月淩殇面無表情地站在她身後,不露聲色的注視着她的一舉一動,腦内的疑惑慢慢擴大,世界上果真有這般相似的人?這可能嗎?眼前的女子,不論是醫術舞蹈,還是氣質談吐,都像極了那個沈家長女,花開半夏,卻是情暖三生,他從不信鬼神之說,可數據證明,定國公五小姐确實經曆過一場劇變,而轉變的時間恰好是雲蒼事變整整兩年後,這也是巧合嗎?
“月少爺,你現在是我爲數不多可以信任的人了,你可願幫我一個忙?”芊凰微微直起身來,轉頭望向這名玉樹臨風的男子,薄唇輕抿,鬓邊的發絲微微拂過臉頰,紅唇嬌豔欲滴,一襲墨色的夜行衣将她玲珑有緻的身段勾勒的窈窕動人,一雙眸子裏帶着毫不掩飾的肅殺。
她有直覺,月淩殇的身份絕對沒有這麽簡單,上次在水墨山莊,殘月稱呼他爲“閣主”,說明他在大陸上一定有自己的勢力,她初來乍到不久,能夠信任的人不多,月淩殇雖然待人冷漠但爲人還算不錯,也是自己爲數不多可以信賴的人了。
月淩殇聞言莞爾一笑,恍若陽光綻放:“五小姐生性多疑,怎麽肯相信在下呢?”
“疑人不用,用人不疑。
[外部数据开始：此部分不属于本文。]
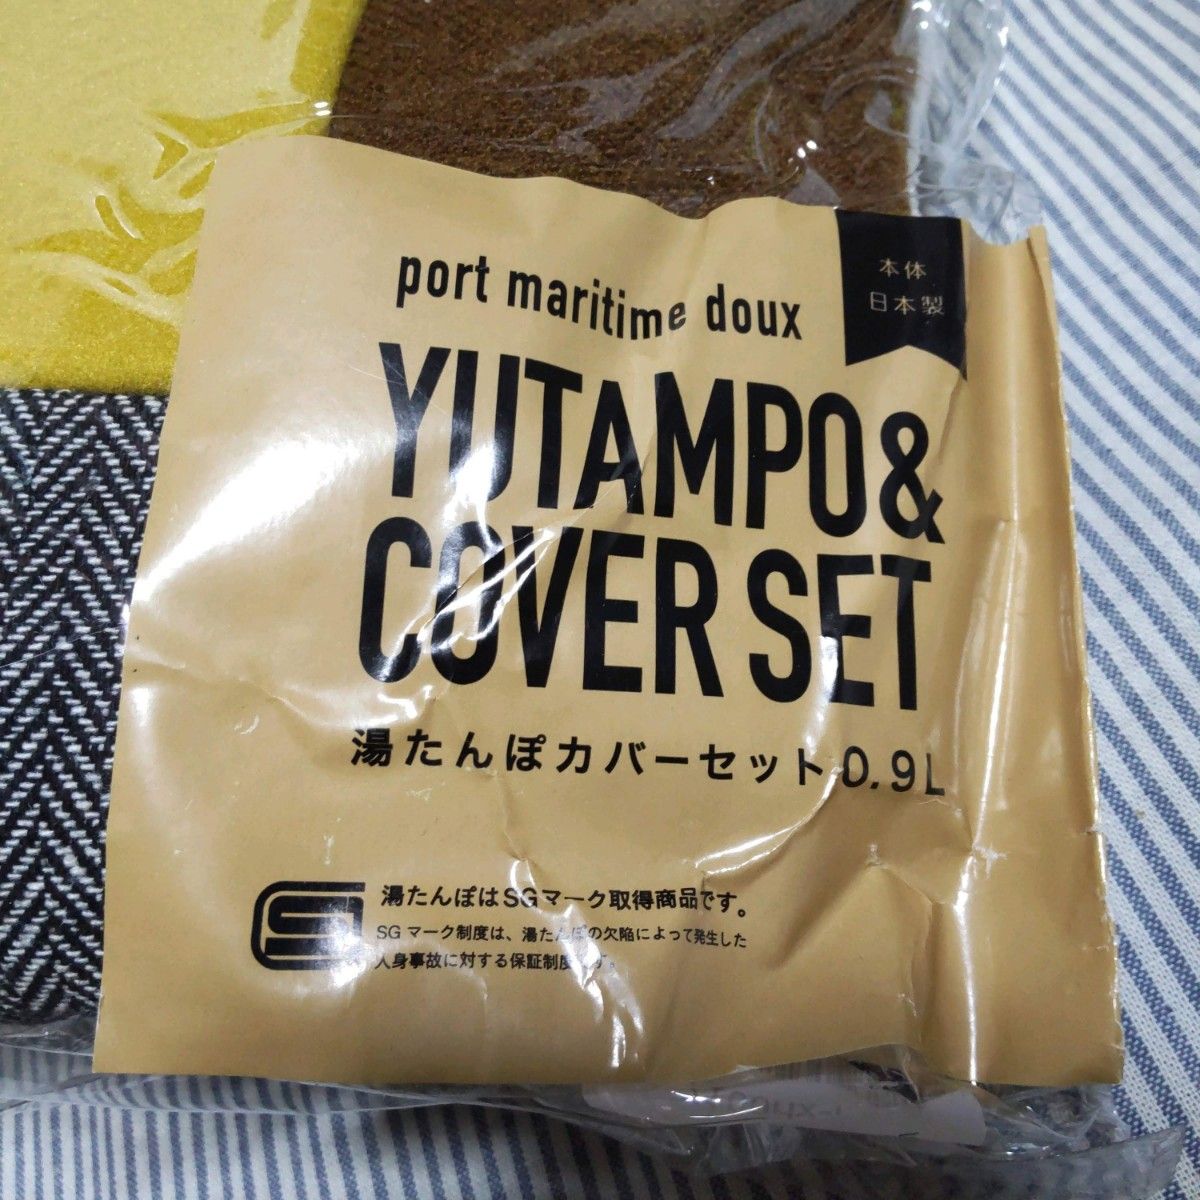 湯たんぽ 0.9L カバーセット SGマーク取得商品 日本製
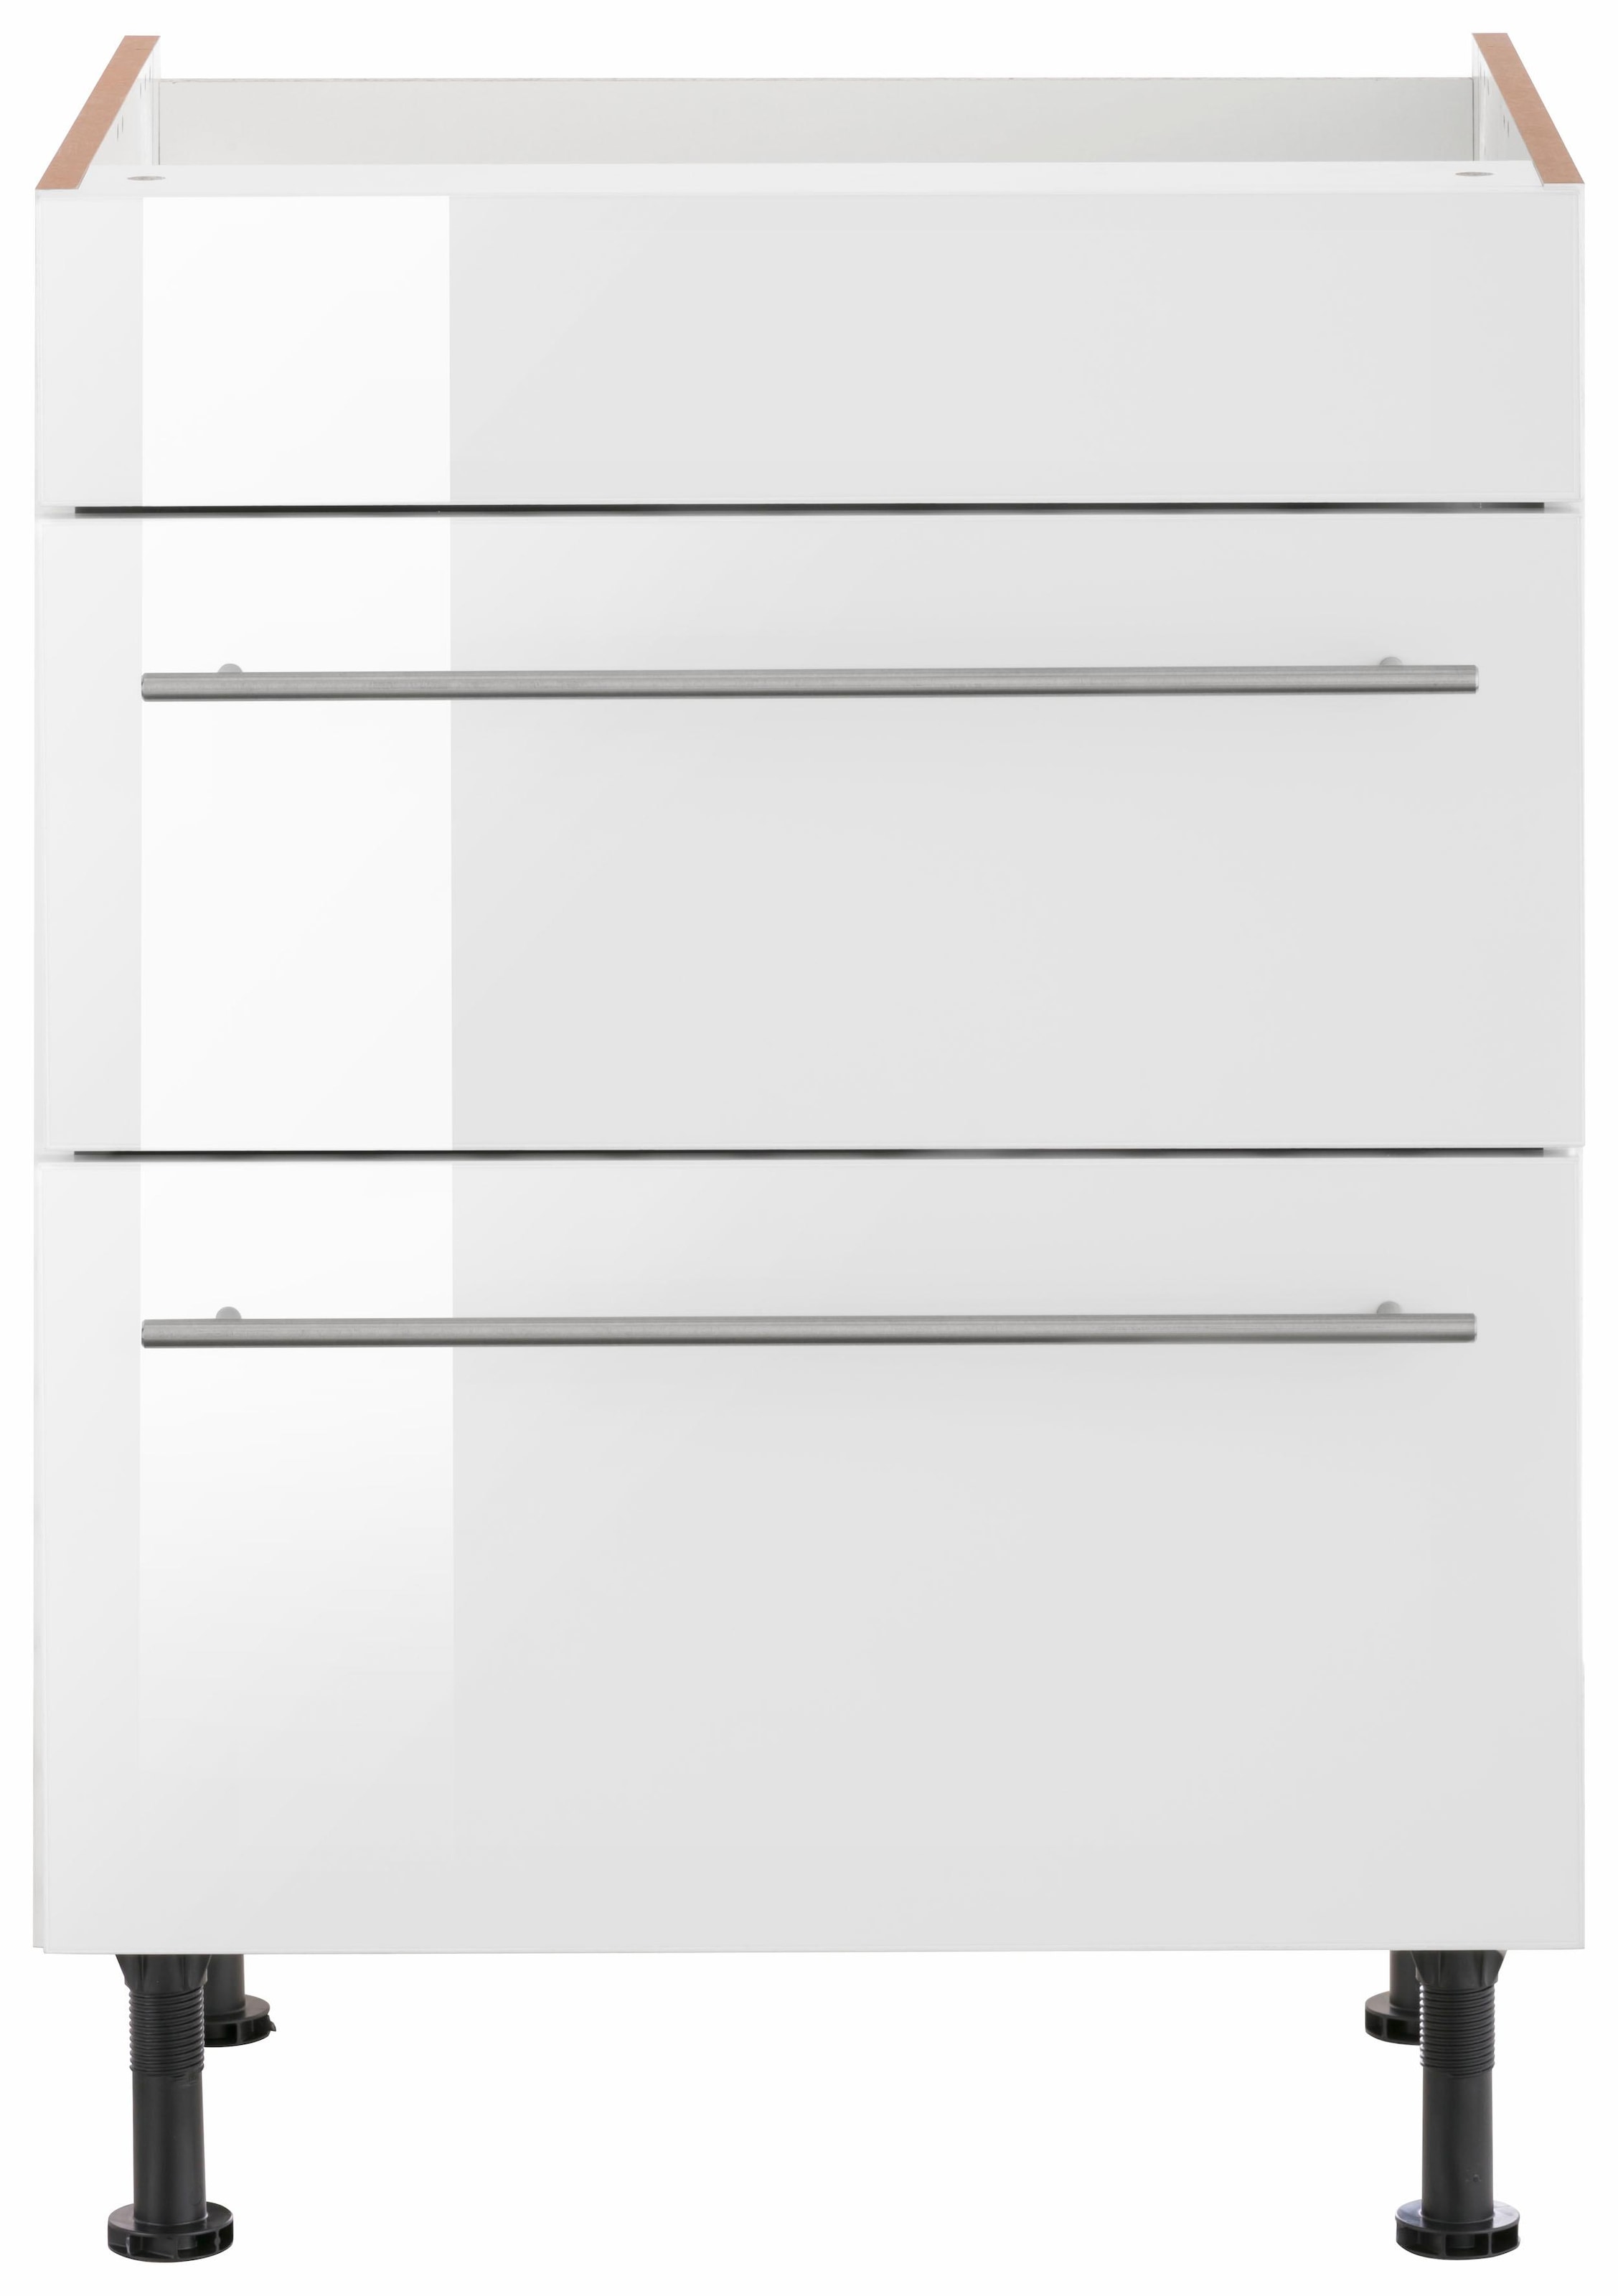 OPTIFIT Kochfeldumbauschrank »Bern«, 60 cm breit, mit 2 Auszügen, mit höhenverstellbare Füsse

”芊凰紅唇微動,一字一句清晰的吐出了這八個字眼,聲音清晰有力,面前的人聞言身體微微一顫,一雙赤色的眸子裏漾上了六月星辰般璀璨的光華,薄唇微微顫抖,俊眉橫飛入鬓,鳳眸微眯,俊美絕倫的臉上掠上一抹輕柔的笑意。
“有什麽本座能幫得上忙的,五小姐盡管開口。”他自動将自稱換成了“本座”,更加堅定了自己的傾向,也讓對面的女子臉上漾開了一個動人的笑容,使人如沐春風。
“希望月少爺能想辦法幫晚晚查一查兩年前雲國動蕩的真正原因,還有,靜……定王妃……和定王‘謀反’的真假。”
這一席話說下來,這俊美的少年立刻蹙緊了眉尖,這是何意?謀反的真假……難不成,當年震驚大陸的雲蒼事變是有人一手策劃而成,并非真正的叛亂?如果當真如此,那這幕後之人心計之深,将來一定會成爲月國康榮的阻礙。說不定……還與那人的死因有關,這件事,他一定要查得清清楚楚!
一抹冷厲的寒光在赤色的眸中暈染開來,嗜殺的光澤能使這最溫暖的光芒都失去溫度:“五小姐放心,既然本座答應了你,定會在三日之内給你答複。”芊凰微微一愣,三日?沒想到月淩殇的勢力如此強大,僅僅三日就能将她前世費盡心機都無法猜透的謎團查的徹徹底底,看來自己果真是小瞧了他的能力。
“時辰不早了,外面天寒,本座送你回去。”月淩殇将自己的披風解下裹到了芊凰身上,後者下意識地瞳孔一縮,這個細微的動作令月淩殇微微一僵,面上揚起一抹無奈的笑容,“戒備心不用這麽強,明天的狩獵比試可少不了你,我知道你體質好,但也别受了風寒。”
本書首發來自,第一時間看正版内容!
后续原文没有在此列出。